On January 29, 2009, Newhan re-signed as a non-roster free agent with the Astros, who invited him to spring training. He did not make the team out of spring training, and on March 29, Newhan was released. On July 23, 2009, Newhan was signed by the Philadelphia Phillies organization, where he spent the rest of the year in Triple-A.

===San Diego Padres (2011)===
Newhan signed a minor league contract for the 2011 season with the San Diego Padres, receiving an invitation to spring training. He did not make the regular season roster.

==Coaching career==
On November 10, 2014, the Tigers announced the hiring of Newhan as an assistant hitting coach. He remained in that position through the 2016 season and was replaced by Leon "Bull" Durham on October 21, 2016.

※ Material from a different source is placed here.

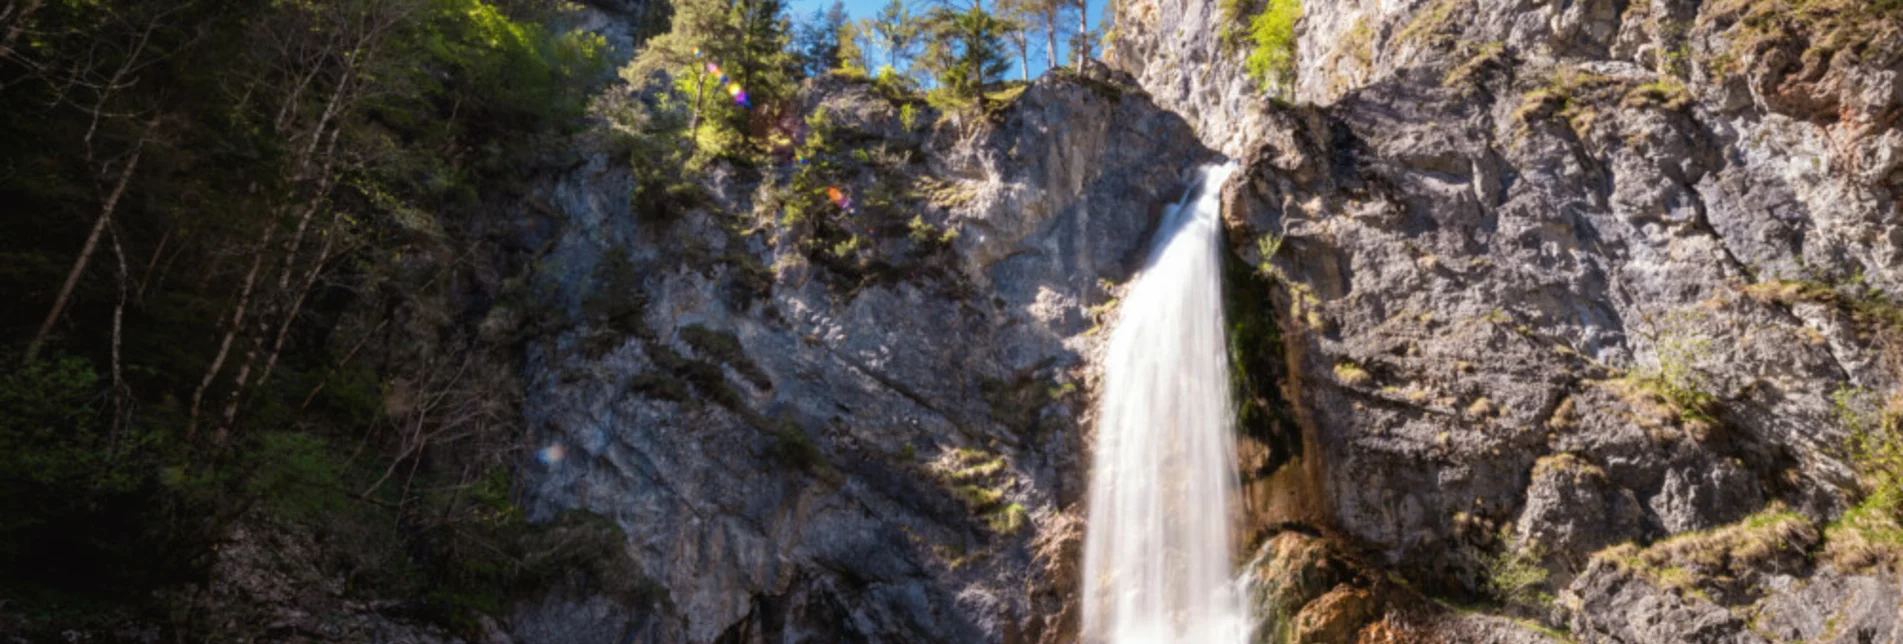 Nordic Walking Bewegungsarena - Salza waterfall-round - Touren-Impression #1 | © Erlebnisregion Schladming-Dachstein
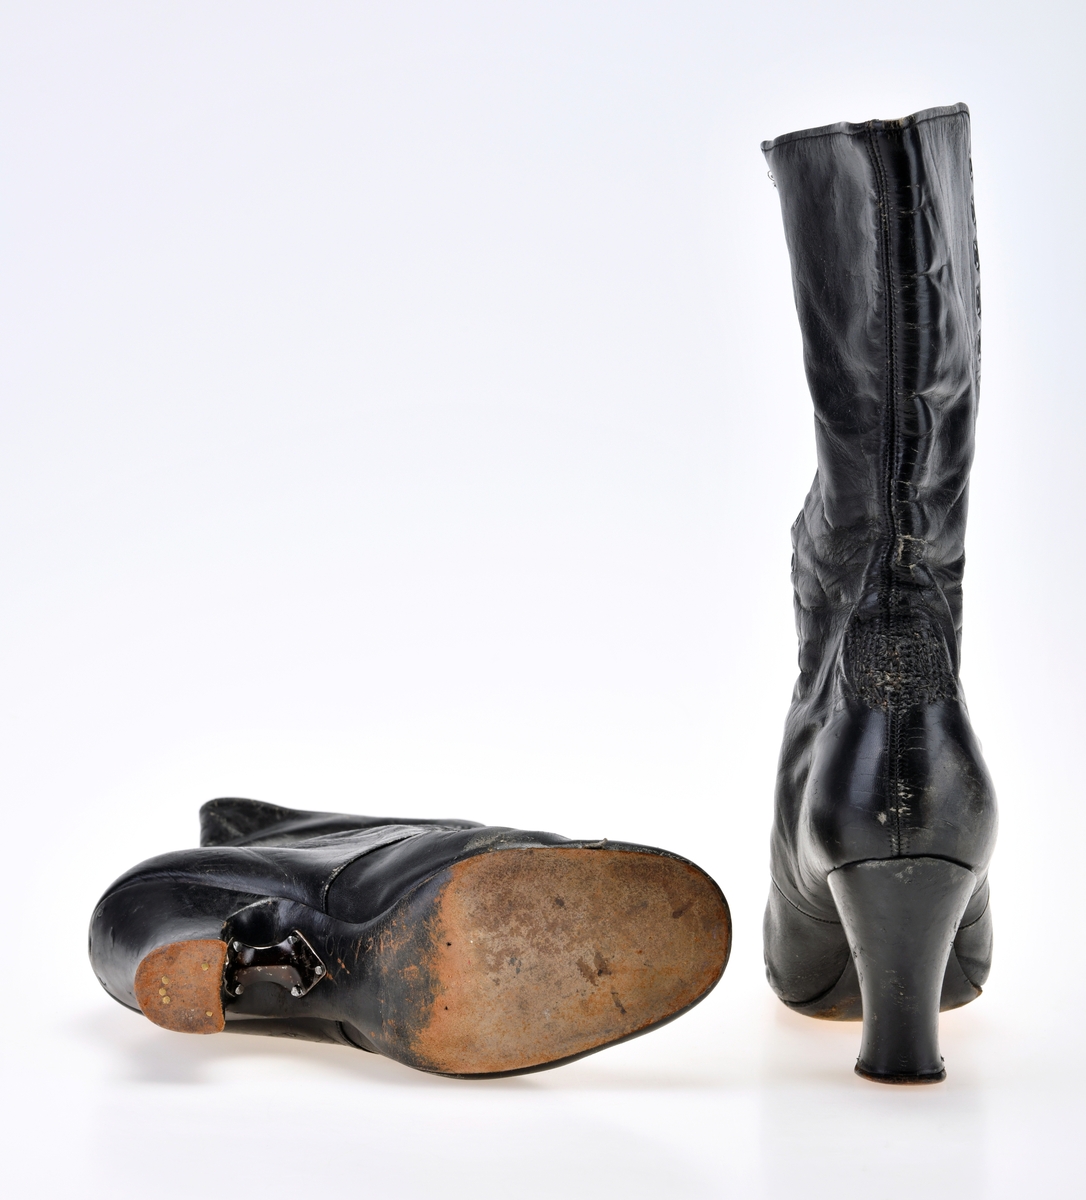 Et par damesko/støvletter av svart skinn. Skoene er avrundet foran. I front er det 19 par hull/maljer for snøring. Skoene mangler skolisser. Under snøringen er det en enkel skinntunge foret med hvitt lerretsstoff. Skoene er foret med hvitt lerretsstoff, øverste 7cm er blått lerretsstoff. Innersålen er av brunt skinn. Yttersålen og hælen er av svart lær som er nedslitt. Mellom hæl og såle er det satt på et metallbeslag (stiftet på). Støvlene har høye hæler.

On December 1, 2016, Newhan was hired by the Los Angeles Angels as a minor league infield coordinator. He served as manager for the Double-A Mobile BayBears in 2019. In 2020, Newhan became the hitting coach for the Altoona Curve, the Pirates Double-A affiliate.

==Playing style==
Newhan's swing was compact and level, mostly generating line drives and groundballs. He batted from every position in the batting order, but mostly batted second through 2008. Newhan played all infield positions, except shortstop, as well as all outfield positions. Through 2008, he had played four games at first base, 57 games at second base, 29 games at third base, and over 300 games split among the three outfield positions. His range was average both in the infield and outfield, and he threw accurately.

==Personal life==
Nicknamed "Son of Scribe", because his father, Ross, is a long-time baseball writer for the Los Angeles Times, Newhan was a solid student while growing up in California and later at Pepperdine, but he never considered following in his father's journalistic footsteps. "Playing seemed a lot more fun than writing", he says. "My dad writes at home, and one thing I've seen a lot of is his cussing up a storm, yelling at the laptop. I understand what the sportswriter goes through. I don't think anyone has to worry about me pulling an Albert Belle."

Newhan is a member of the Pepperdine Waves Hall of Fame. He was born Jewish and raised as a Conservative Jew but converted to Christianity in 1999 and now considers himself a Messianic Jew. He injured his cervical vertebra 2, a potentially life-threatening injury, during a surfing incident in 2009.